Finally, the trials need to be independent. In the M&M example, the trials are not, since the probability of choosing a green M&M on the second trial depends on the outcome of the first trial. The trials in the Obama example are independent, as long as we use a simple random sample (calling only voters in Illinois, Obama's home state, or people who had visited Obama's Web site would violate this condition).

Once we have a Bernoulli trial we can compute probabilities associated with geometric and binomial models.

Geometric model

A geometric model counts the number of trials until the first success. According to the EdCC Web site, 59% of students enrolled at EdCC are female. Suppose we randomly select students from among all of those enrolled at EdCC until we find a female student. This constitutes a Bernoulli trial because:

There are two possible outcomes: female (success) and male (failure).

There is a constant probability of success (59%); this isn't precisely true, but since there are over 10,000 students enrolled at EdCC, removing a few of these students from contention won't significantly change the probability of finding a female student among those remaining.

The trials are independent: since we are randomly selecting the students, the gender of one selected student should have no effect on the gender of the other students selected.

Let the random variable $\normalsize X$ represent the number of students we need to contact before finding a female student. We note that:

$\normalsize P(X=1) \ = \ 0.59$

since the probability that the first student we select is female is 59%. We then compute:

$\normalsize \begin{eqnarray} P(X=2) \ &=& \ P(\mbox{male and then female}) \\vspace{5} \&=& \ P(\mbox{male} ) \times P(\mbox{female} ) \\vspace{5} \&=& \ (0.41)(0.59) \\vspace{5} \&=& \ 0.2419 \end{eqnarray}$

and then:

$\normalsize \begin{eqnarray} P(X=3) \ &=& \ P(\mbox{male and then male and then female}) \\vspace{5} \&=& \ P(\mbox{male} ) \times P(\mbox{male} ) \times P(\mbox{female} ) \\vspace{5} \&=& \ (0.41)(0.41)(0.59) \\vspace{5} \&=& \ 0.099179 \end{eqnarray}$

and then:

$\normalsize \begin{eqnarray} P(X=4) \ &=& \ P(\mbox{male and then male and then male and then female}) \\vspace{5} \&=& \ P(\mbox{male} ) \times P(\mbox{male} ) \times P(\mbox{male} ) \times P(\mbox{female} ) \\vspace{5} \&=& \ (0.41)(0.41)(0.41)(0.59) \\vspace{5} \&=& \ 0.04066339 \end{eqnarray}$

and so on. By this point you should notice a pattern:

$\normalsize P(X=x) \ = (0.41)^{x-1}(0.59)$

and more generally:

$\normalsize P(X=x) \ = p^{x-1}q$

where $\normalsize p$ is the probability of success for any geometric model and $\normalsize q = 1-p$ is the corresponding probability of failure.

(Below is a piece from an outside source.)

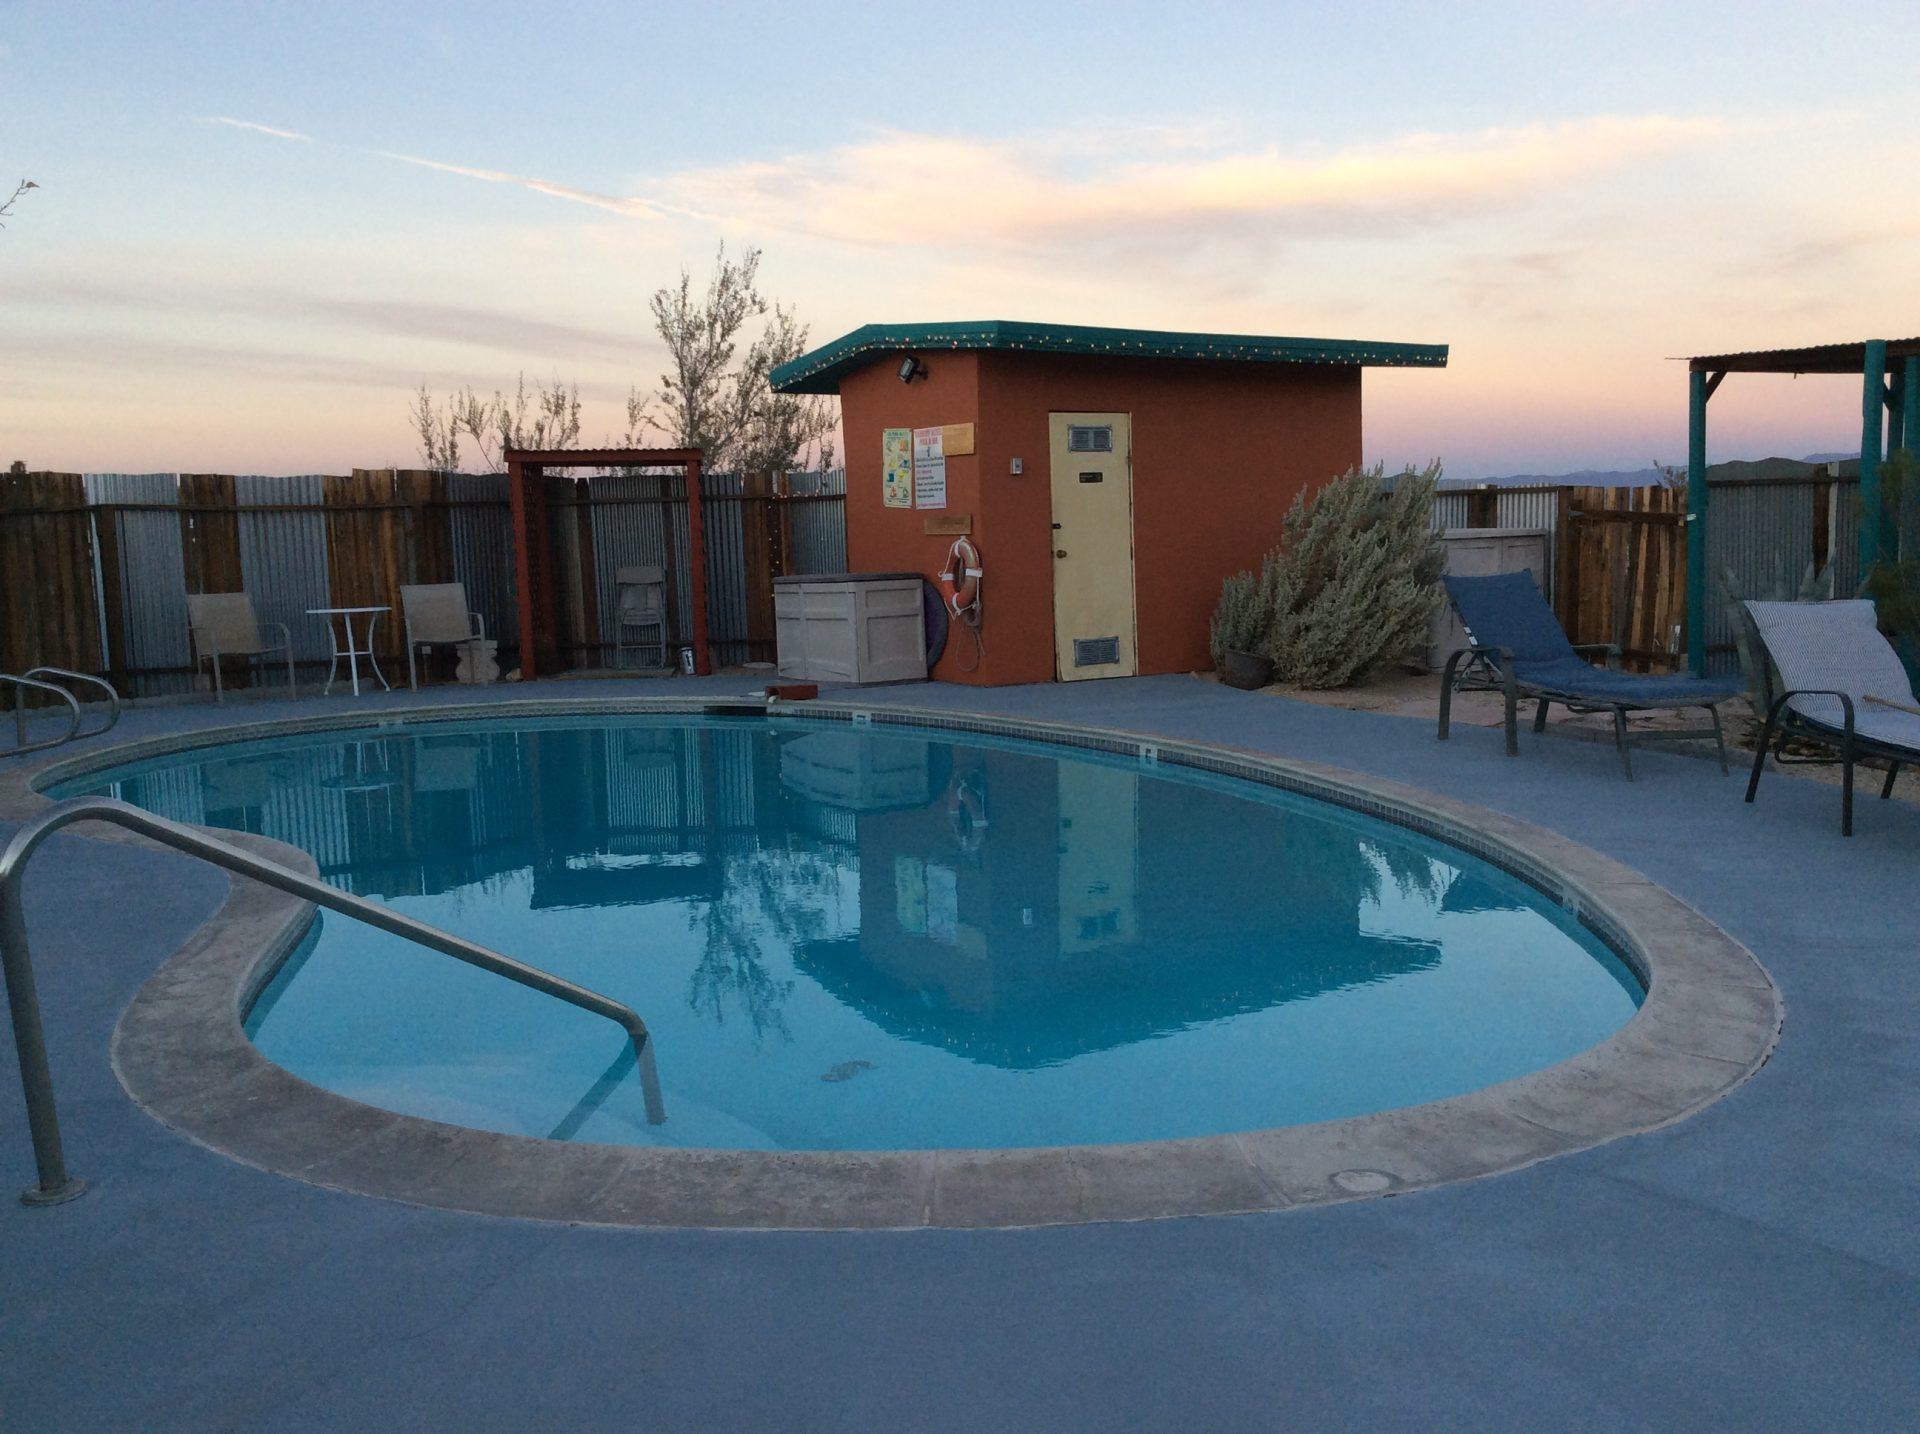 La piscina, foto di Gloria

Returning to our EdCC student example, we can collect our probabilities in a table that looks like this:

$\normalsize x$	$\normalsize P(X=x)$
1	0.5900
2	0.2419
3	0.0992
4	0.0407
$\normalsize \vdots$	$\normalsize \vdots$

Notice that this probability model continues forever. Sure, there is only a very small chance that we will need to contact more than 10 EdCC students to find a female student, but theoretically we could contact 20 or 30 or 100 students and not find a female.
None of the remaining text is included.